# Zanardi is a God!



## SergioK (Aug 14, 2002)

He races yet again !



> Auto racing notebook: Paraplegic Zanardi will race in October
> 
> By The Associated Press
> 
> ...


----------



## Raffi (May 18, 2002)

:dunno: Did you have to quote the NASCAR news too? :dunno:


----------



## Alex Baumann (Dec 19, 2001)

Amazing guy, indeed.


----------



## in_d_haus (Jan 2, 2002)

Very cool!


----------



## scottn2retro (Mar 20, 2002)

I think this is great news and I wish him the best of luck and I think it's great that he's making his comeback in a BMW. When one of the big networks did a story about him (was it ABC Nightline?), they showed parts of his daily life and one of those was getting around in a special equipped BMW 7 series, IIRC.

http://www.sportsline.com/autoracing/story/6648174


----------



## in_d_haus (Jan 2, 2002)

scottn2retro said:


> I think this is great news and I wish him the best of luck and I think it's great that he's making his comeback in a BMW. When one of the big networks did a story about him (was it ABC Nightline?), they showed parts of his daily life and one of those was getting around in a special equipped BMW 7 series, IIRC.


He needs a "Bimmerfest" sticker on his car! :thumbup: 
same with the Williams team!


----------



## scottn2retro (Mar 20, 2002)

in_d_haus said:


> He needs a "Bimmerfest" sticker on his car! :thumbup:
> same with the Williams team!


Already sent Alex a PM


----------



## Alex Baumann (Dec 19, 2001)

scottn2retro said:


> Already sent Alex a PM


Hehe, great idea. I'll check it  

:bigpimp:


----------



## Mr. The Edge (Dec 19, 2001)

no, he's just a man.


----------



## Alex Baumann (Dec 19, 2001)

atyclb said:


> no, he's just a man.


----------



## SergioK (Aug 14, 2002)

Raffi said:


> :dunno: Did you have to quote the NASCAR news too? :dunno:


Well I knew that it would interest you as well. 
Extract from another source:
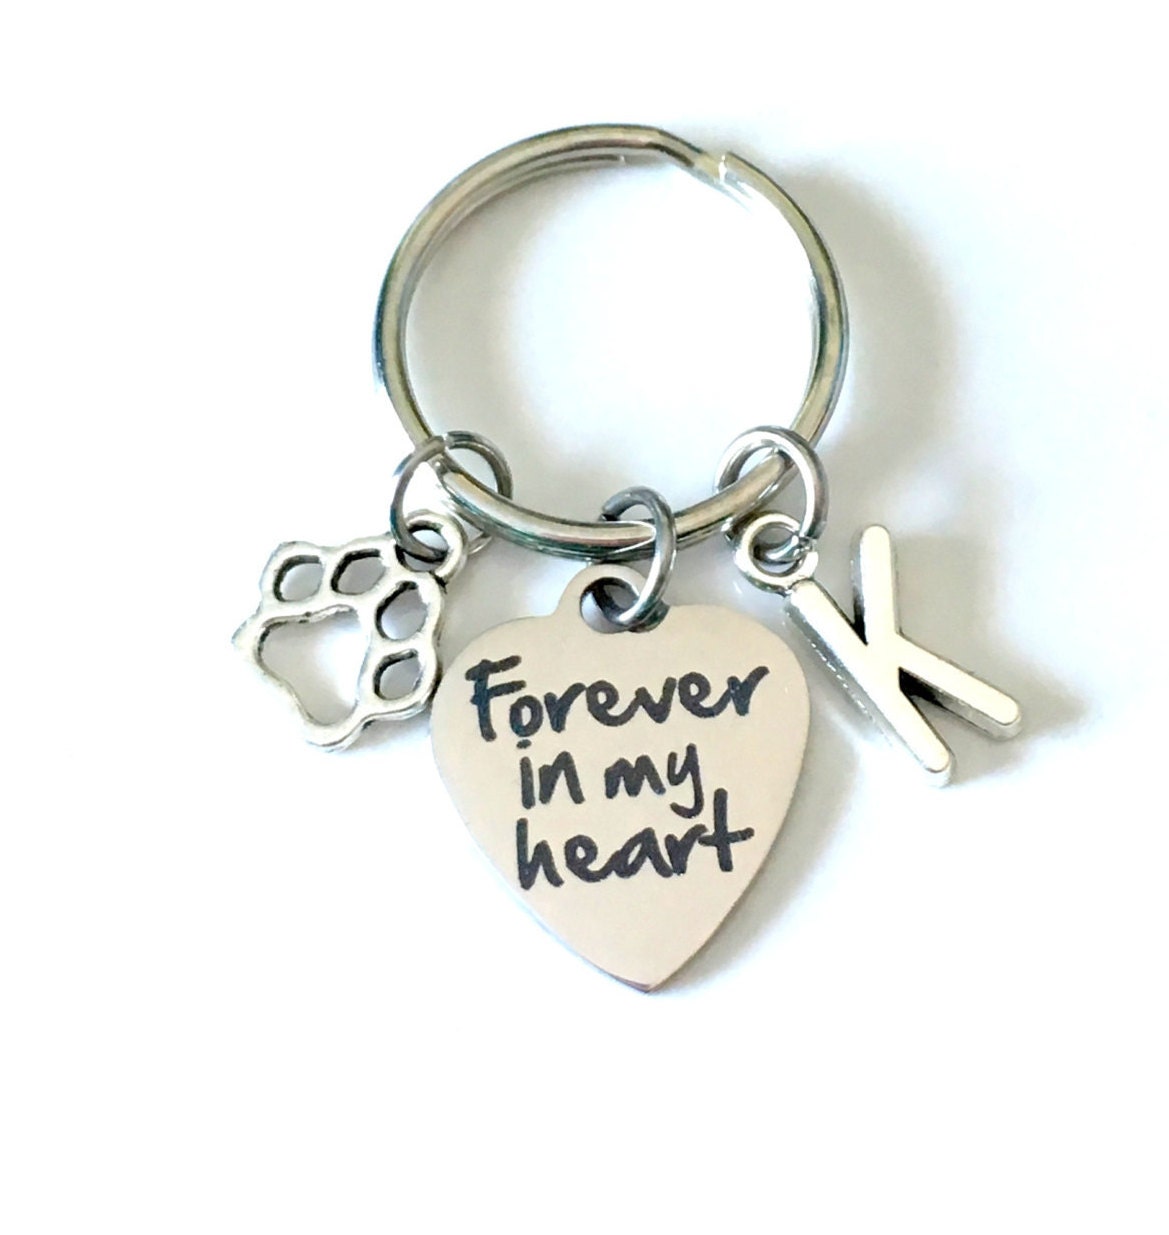 SALE Loss of Dog Sympathy Gift Forever in my Heart Keychain

Be sure to bookmark it! www.nascar.com :thumbup:


----------



## SergioK (Aug 14, 2002)

atyclb said:


> no, he's just a man.


Um... ok.


----------



## Raffi (May 18, 2002)

sergiok said:


> Well I knew that it would interest you as well.
> 
> Be sure to bookmark it! www.nascar.com :thumbup:


Unlike you, I don't drink Bud or Coors, Mr. *******.


----------



## SergioK (Aug 14, 2002)

Bitte ein Bit :thumbup:


----------



## doeboy (Sep 20, 2002)

sergiok said:


> Bitte ein Bit :thumbup:


Uh.... huh?


----------



## SergioK (Aug 14, 2002)

doeboy said:


> Uh.... huh?


It's off the Bitburger bottles... that's typically what I drink... not that crap that Raffi likes.


----------



## doeboy (Sep 20, 2002)

sergiok said:


> It's off the Bitburger bottles... that's typically what I drink... not that crap that Raffi likes.


:rofl:

mmm.... burger...... :eeps:


----------



## LmtdSlip (May 28, 2003)

atyclb said:


> no, he's just a man.


Youre right. He is just a man.

Just the man that I hope I could be if I were in his position.
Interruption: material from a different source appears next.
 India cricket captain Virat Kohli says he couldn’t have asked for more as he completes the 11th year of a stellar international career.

I dont really have "heroes" but he would certainly qualify as the most respected and admired person on my list.


----------



## Raffi (May 18, 2002)

sergiok said:


> It's off the Bitburger bottles... that's typically what I drink... not that crap that Raffi likes.


I'm not surprised you don't like Samuel Adams, Guiness and Newcastle.  :tsk:


----------



## SergioK (Aug 14, 2002)

Raffi said:


> I'm not surprised you don't like Samuel Adams, Guiness and Newcastle.  :tsk:


I never said I don't like those beers. I do. It's just that Bitburger is my beer of choice. That and Wittekerke. :thumbup:


----------